OriginalspracheEnglisch
Aufsatznummer103787
FachzeitschriftOre geology reviews
Jahrgang127
Frühes Online-Datum25 Sept. 2020
PublikationsstatusVeröffentlicht - Dez. 2020

Abstract

The Gol-e-Gohar iron ore district in the Sanandaj-Sirjan zone of south-western Iran comprises six major ore bodies. The largest deposit is Gol-e-Gohar No. 3 (Gohar-Zamin) with about 643 Mt @ 53.1% Fe. The host rocks in this district are Late Neoproterozoic meta-sedimentary rocks (para-gneiss, marble), meta-basalt (ortho-amphibolite), and I-type meta-granite (ortho-gneiss).

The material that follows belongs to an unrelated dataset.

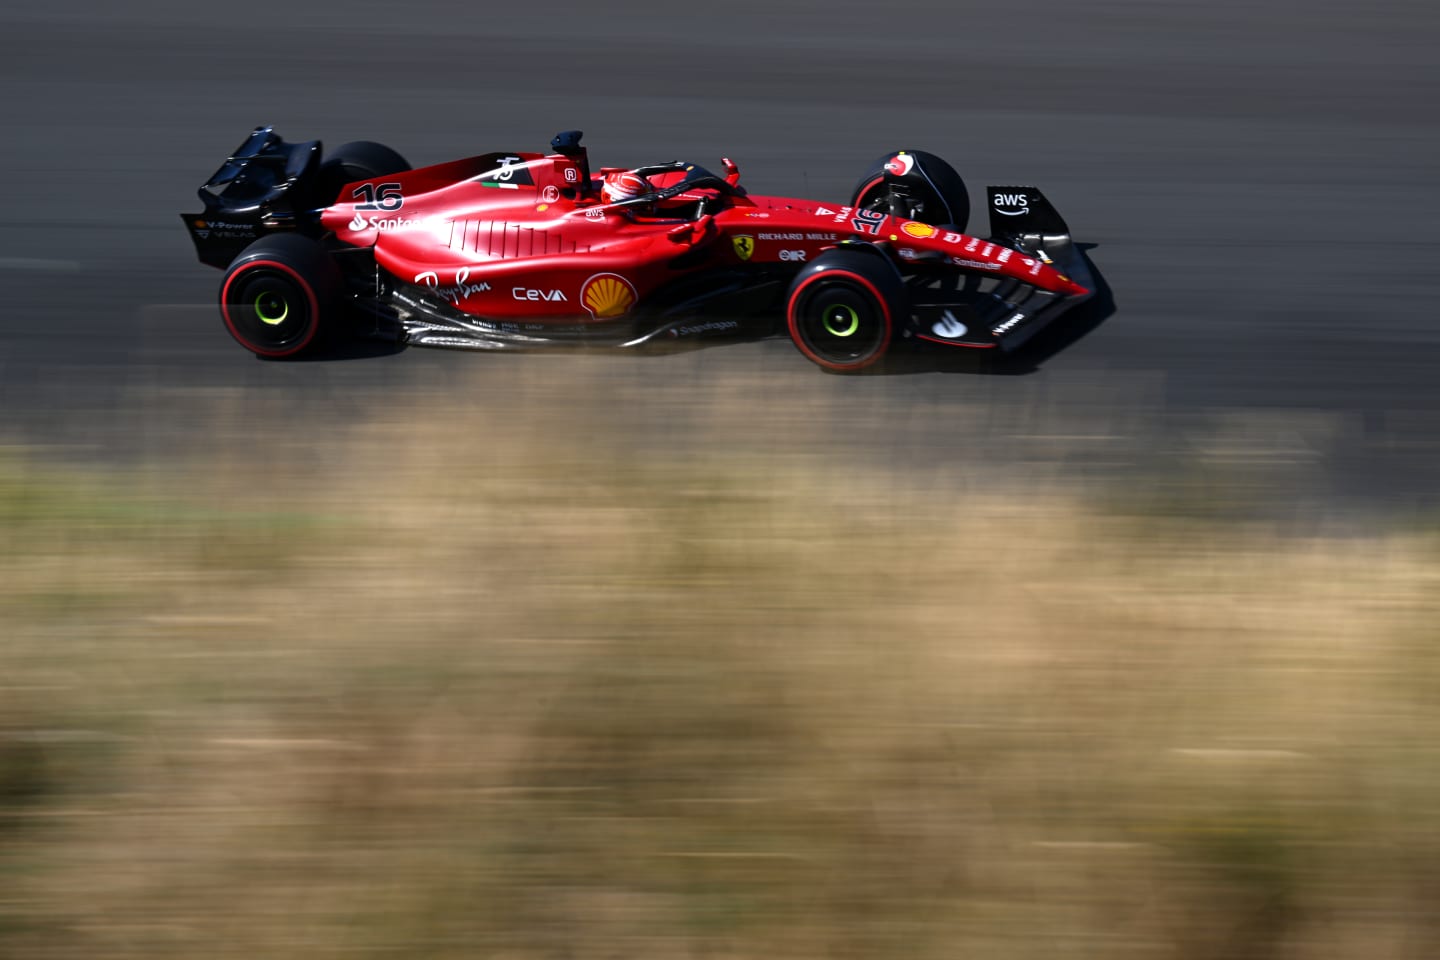 ZANDVOORT, NETHERLANDS - SEPTEMBER 03: Charles Leclerc of Monaco driving the (16) Ferrari F1-75 on track during final practice ahead of the F1 Grand Prix of The Netherlands at Circuit Zandvoort on September 03, 2022 in Zandvoort, Netherlands. (Photo by Clive Mason/Getty Images)

The district is characterized by potassic-sodic (albite-K-feldspar), phyllic (muscovite) and propylitic (chlorite-calcite-dolomite-magnesite with pyrite) hydrothermal alteration, and massive and brecciated Kiruna-type magnetite ± apatite mineralization. There is also boron (B) metasomatism, manifested as tourmaline blastesis. Gol-e-Gohar magnetite contains Mg, Ca and Si up to the percent range, V and Ti in the 100s ppm level, and low Cr, Co, Ni in the tens of ppm range, typical of skarn or IOCG mineralization. The oxygen isotope composition of magnetite is 4.9 ± 0.7‰ δ18O (n = 9) and the iron isotope composition is 0.49 ± 0.05‰ δ56Fe (n = 17). These data suggest that the magnetite ore formed from a magmatic-hydrothermal (high-T) fluid in equilibrium with a granitic source. The hydrothermal carbonate inclusions in late pyrite have δ11B values of 20.3 ± 2.4‰, indicating the imprint of fluids which interacted with the Early Cambrian marine country rocks of the district, such as limestone and/or evaporites. The Gol-e-Gohar iron ore district shows several similarities to the Bafq iron district, located about 400 km to the north, and seems to be a disrupted member of the Kashmar-Kerman arc.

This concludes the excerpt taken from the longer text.